Segment Open
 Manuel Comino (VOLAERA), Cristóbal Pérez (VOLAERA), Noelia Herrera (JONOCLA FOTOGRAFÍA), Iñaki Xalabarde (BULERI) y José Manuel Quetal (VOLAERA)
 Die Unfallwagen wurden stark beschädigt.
Segment Closed
Segment Open
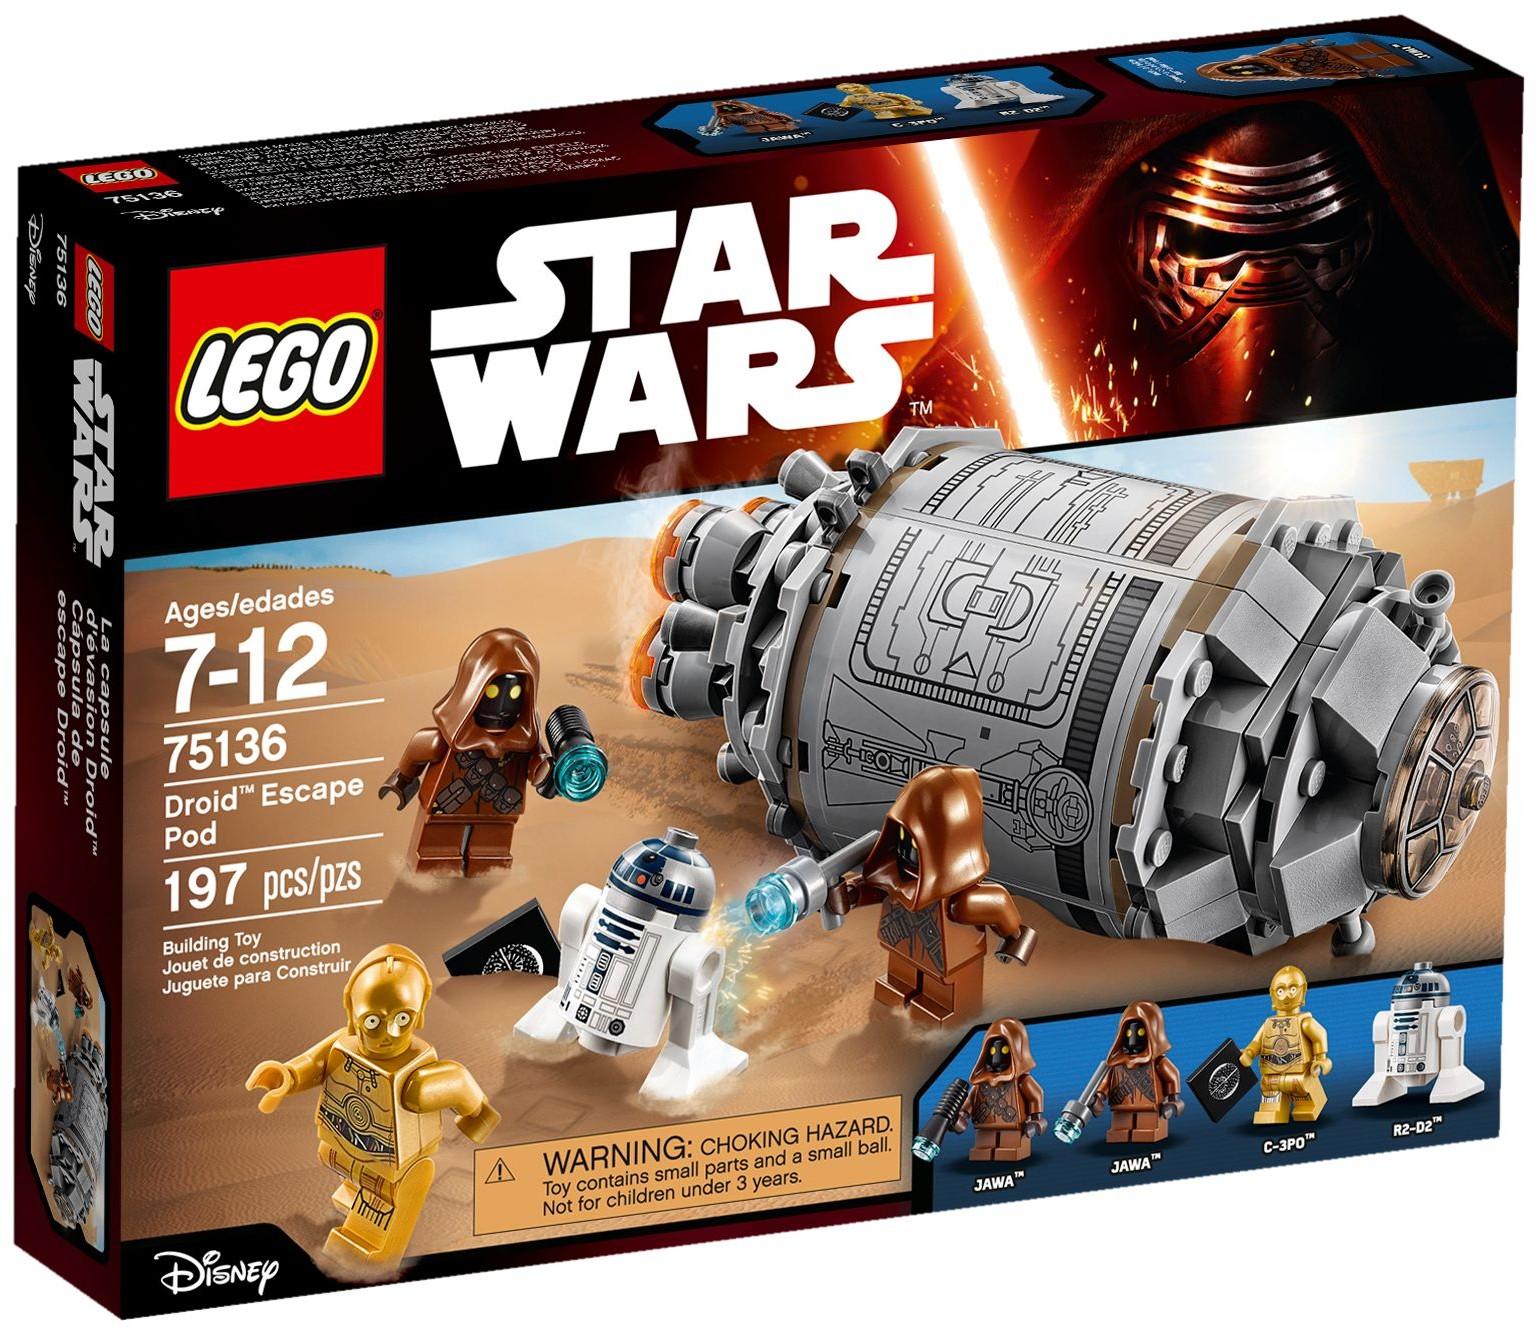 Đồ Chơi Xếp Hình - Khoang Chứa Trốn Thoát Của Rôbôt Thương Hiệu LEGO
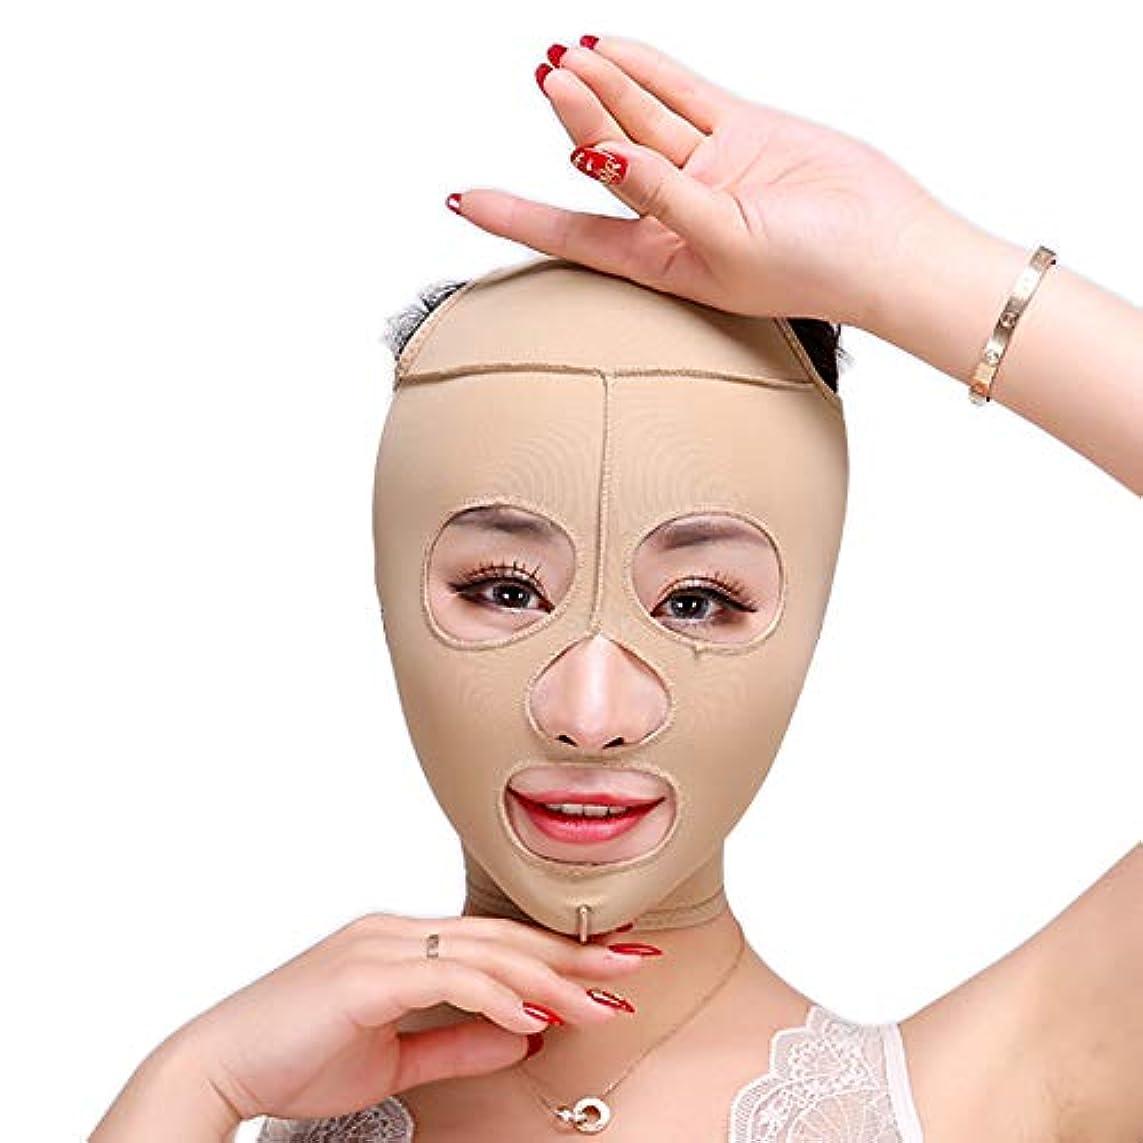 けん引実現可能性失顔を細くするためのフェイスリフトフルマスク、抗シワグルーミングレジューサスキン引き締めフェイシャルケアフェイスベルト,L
Segment Closed
#### WORK TASK
Reproduce, word for word and in full, only the lines above that start at the line with "Manuel Comino (VOLAERA), Cristóbal" and run through the line with "Die Unfallwagen wurden stark beschädigt.", both ends included.

#### TASK RESPONSE
 Manuel Comino (VOLAERA), Cristóbal Pérez (VOLAERA), Noelia Herrera (JONOCLA FOTOGRAFÍA), Iñaki Xalabarde (BULERI) y José Manuel Quetal (VOLAERA)
 Die Unfallwagen wurden stark beschädigt.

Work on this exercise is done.